Wednesday, February 25, 2009

"Say It Mr. PRESIDENT!!!!!!!"

So the screams of my seven-year-old daughter accompanied with her exuberant claps and jumping up and down when Mr. President, Barack Hussein Obama, spoke for the first time before the joint sessions of congress.

I felt goosebumps when the Sergent at Arms was standing there and then the announcement, "Madame Secretary, the President of the United States." Loud claps threatened to shatter the walls of my upstairs bedroom. It was amazing to see this intelligent, poised, strategic, and charismatic black man walk into that chamber with all the elected officials of the country standing to recognize.

My two daughters, aged five and seven, probably did not understand everything he said, but they could understand the thunderous applause that broke out on my television screen and in my bedroom. Even at times my daughter screamed out, "clap mama, clap!"

I listened intently and while the writer in me wanted to run downstairs to my laptop and tweet, facebook, or blog about what was happening, the citizen in me kept me glued to CNN while he spoke.

Mr. President hit on all the major topics that have been on my mind. He didn't sugar coat it that we are in deep do-do as the kids would say. We are in a mess in this country financially and he tactfully reminded his Republican colleagues that "we inherited this" talking about the banking crisis and subsequent recession/depression. he also reminded us of why we voted for him, he came there to do something, to take action, and that is what he is planning to do.

The top areas that stood out as importance to me were health care, education, and energy. When he focused in and said that these would be his priorities and this would also leading to revitalizing our economy, I jumped up and down! I have a daughter with a chronic illness that but for the grace of God, would've sent a lot of people into bankruptcy. Mr. President pointed out the realities of the high premiums and how in this country, every American does not have adequate care.

On the educational front, I felt like the light was shining for possibilities. My daughters have had the benefit of two highly educated parents and a mom who has been at home the past five-and-one-half-years. This has given them a firm foundation for success that includes my first-grader reading as a high third-grader. Mr. President pointed out the importance of early childhood education programs for those formative year and rightly exhorted parents to play their role - turn the TV off, read to the kids, help the kids with their homework.

His educational plan, including offering tuition assistance in turn for youths serving their community, also made me clap loudly. My freshman son will have the doors of higher education more accessible in 2012 when he graduates from high school. I also liked how our President told the American people that a high school diploma is not enough and dropping out in unacceptable - not just for oneself, but for the country. I expect to see a revival of vocational training and even one or two year diploma programs that provide a skilled trade to keep these trades in America.

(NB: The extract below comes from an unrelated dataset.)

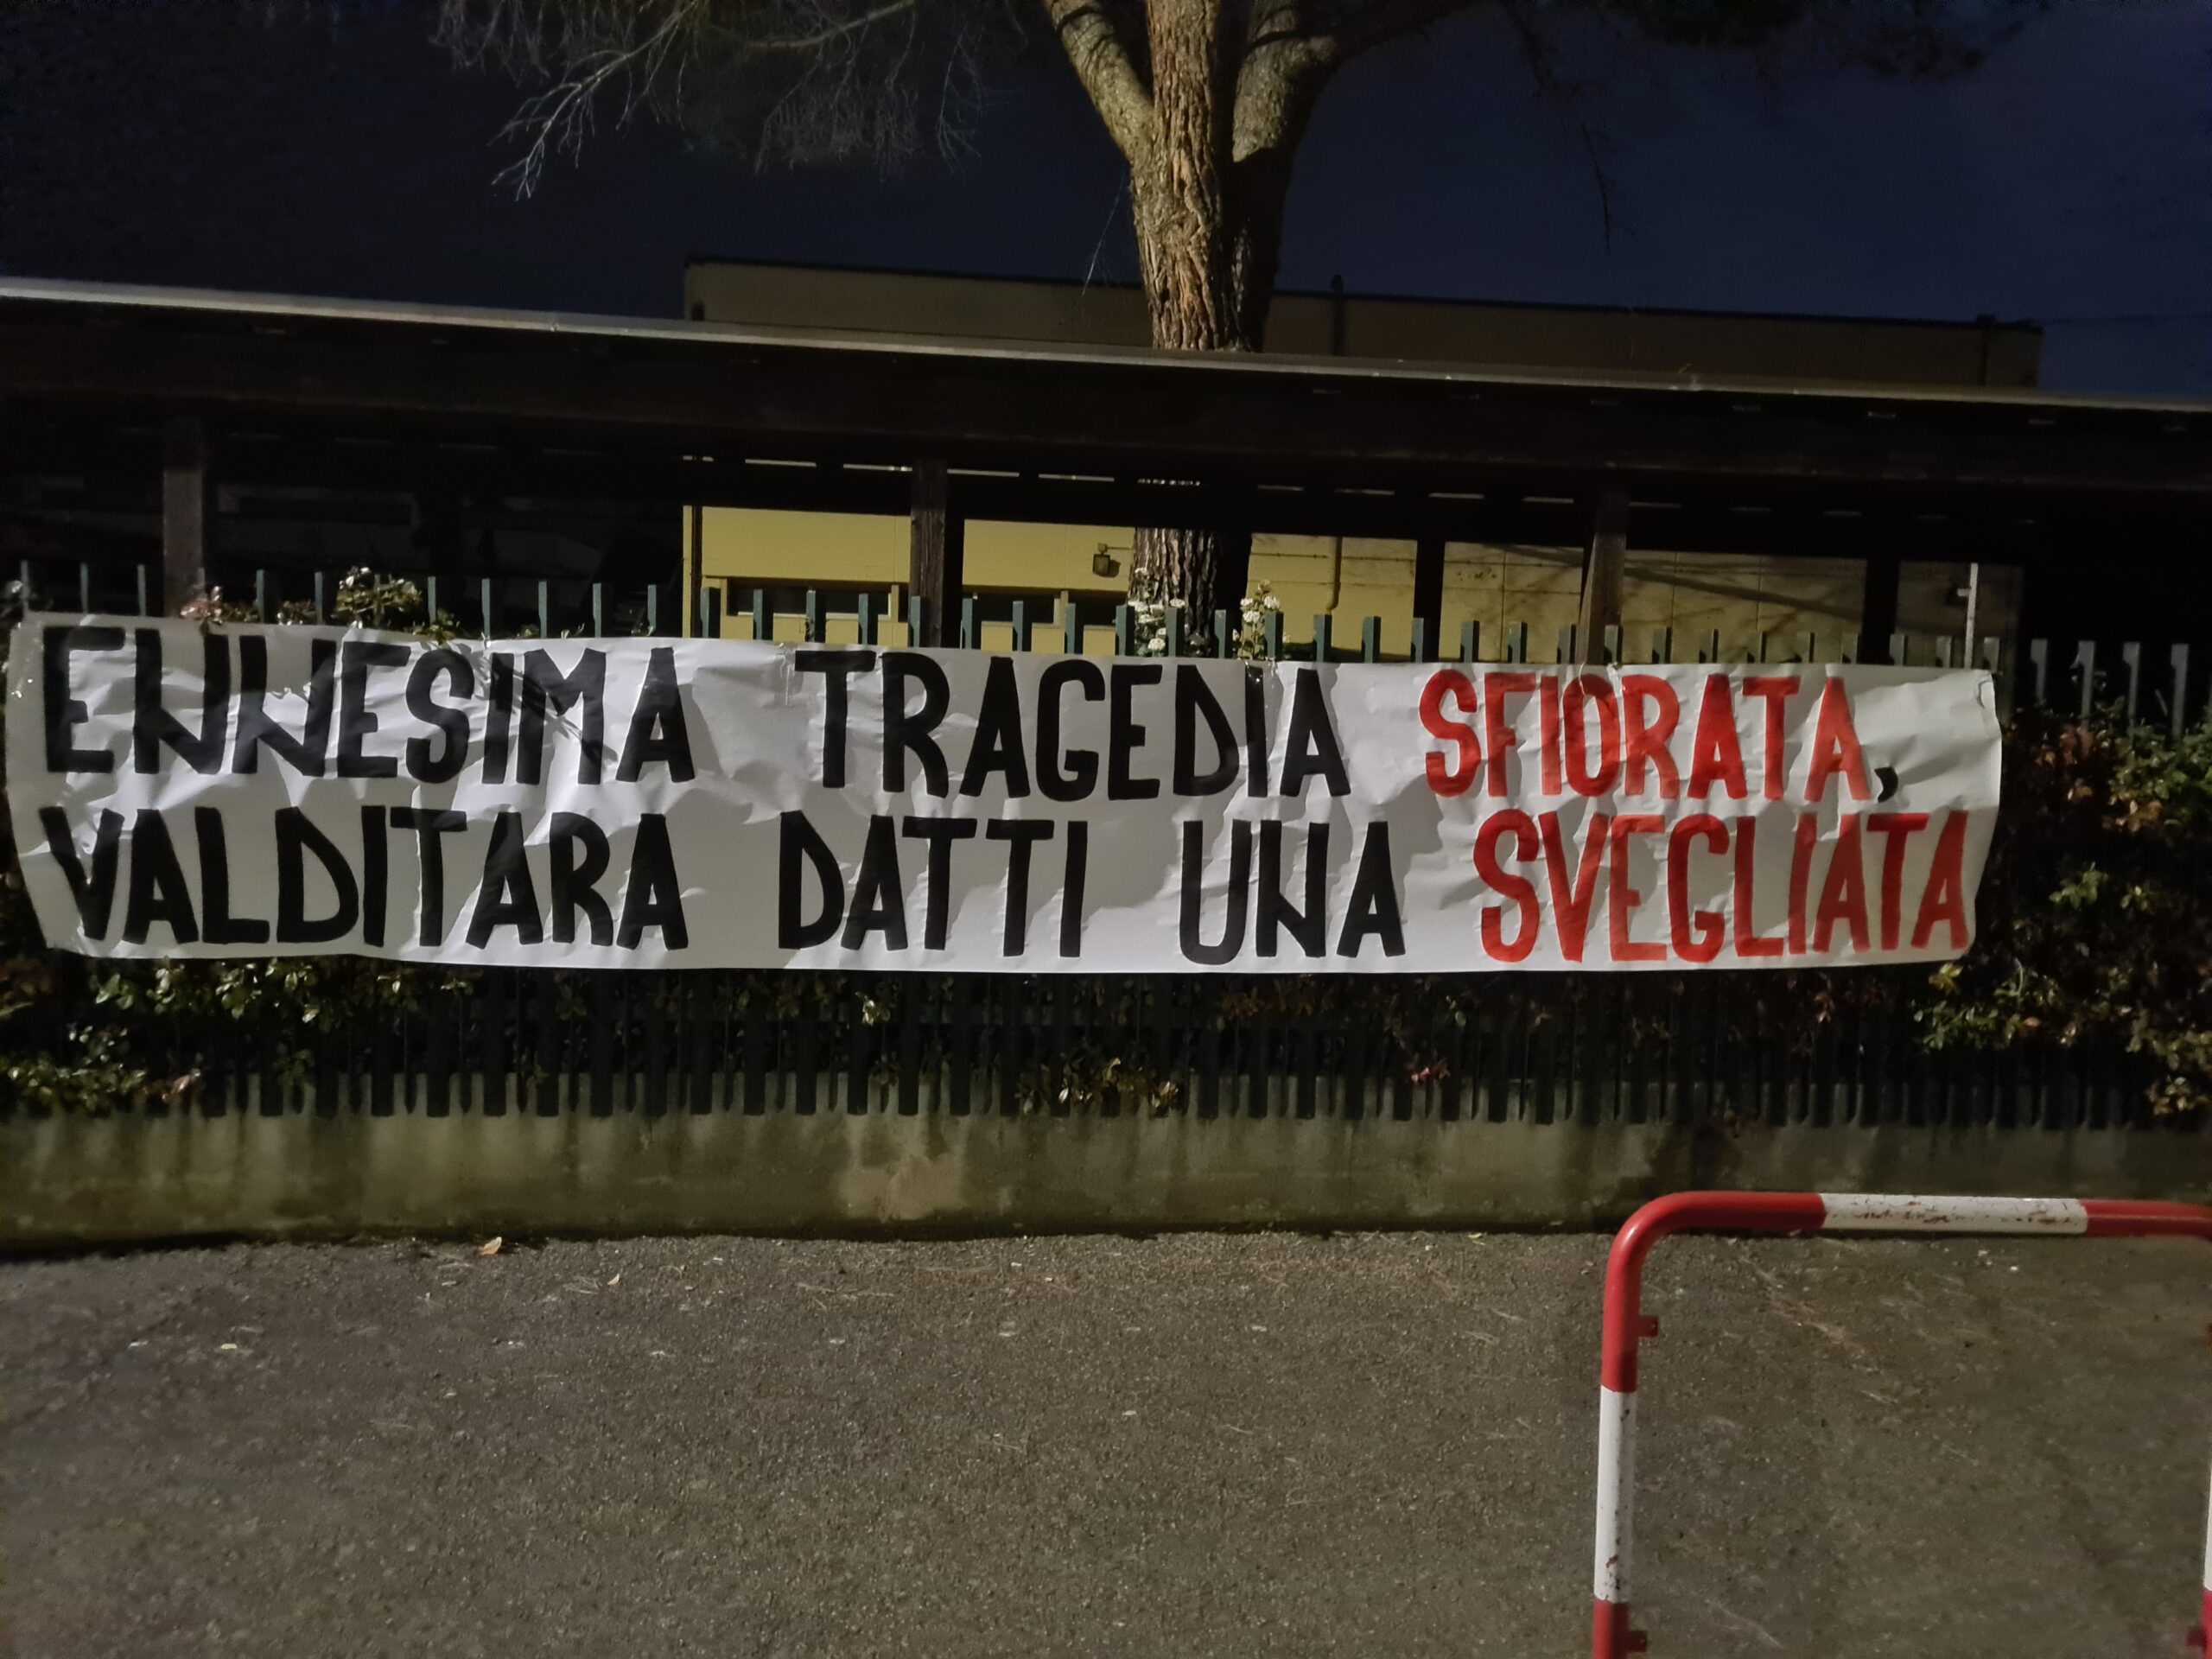 Controsoffitto crolla in testa agli studenti, la denuncia di Blocco Studentesco Arezzo

I am not an energy expert but I do know that depending on oil is not good for this country. I recycle as one thing I can do to not add to the carbon footprint. I teach my kids to do the same and even take them to the recycle center so they can sort the items we bring. Even as I do my little part, I know there needs to be a national policy and focus on other ways to get energy, to make the cars more fuel efficient or even battery-operated. There has to be a focus on science and technology that would allow us to capture wind, solar, and water to power and heat our homes. I'm glad he mentioned this as one of his priorities in the first term.

When the speech ended, I felt satisfied, much the way I feel after drinking a really good vanilla latte. The stories he interspersed, especially the little girls from South Carolina who wrote him a letter using the public library. Her declaration that "we are not quitters" resonated with him. It also made me smile that Mr. President also reads our letters! I was equally happy to hear about the unsung banking executive who instead of buying another yacht or taking an European vacation, took his $69 million bonus and gave it to his employees, even going out to find 72 former employees to give it to them, this is what we need in America.

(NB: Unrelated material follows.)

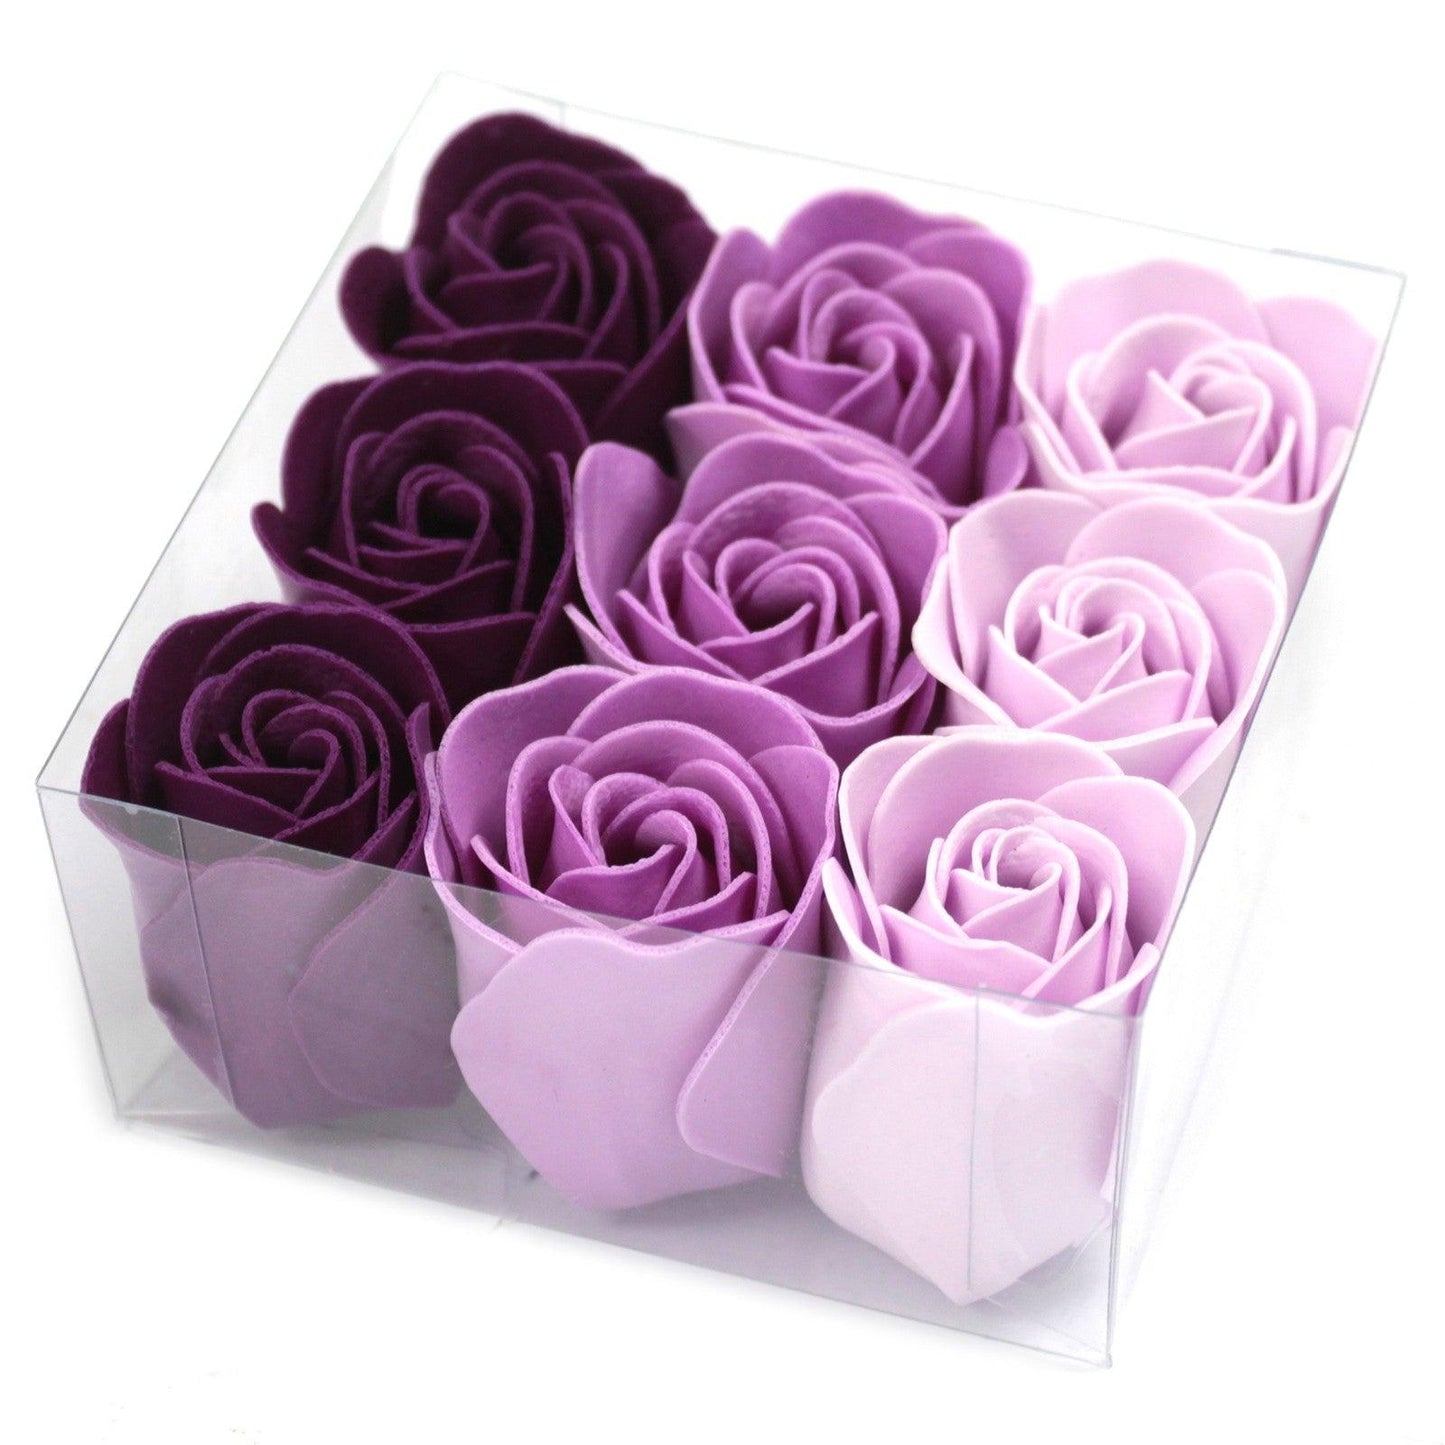 Set of 9 Soap Flower - Lavender Roses - DuvetDay.co.uk

As we begin the Lenten season today, I felt electrified when I woke up this morning. I know the road ahead will not be easy for this family or for this country. As Mardi Gras came to an end with the last carnivale and last reveler going home, it also closed a chapter of excess in my mind. The beginning of Lent, marked by Ash Wednesday, reminds us that in this season of sacrifice, it is also a season of new beginnings. This theme rang out as President Obama spoke last night. We know we hold some responsibilities for the condition we are in, and we also hold the key to rebuild, renew, and re-energize America. Truly, yes we can!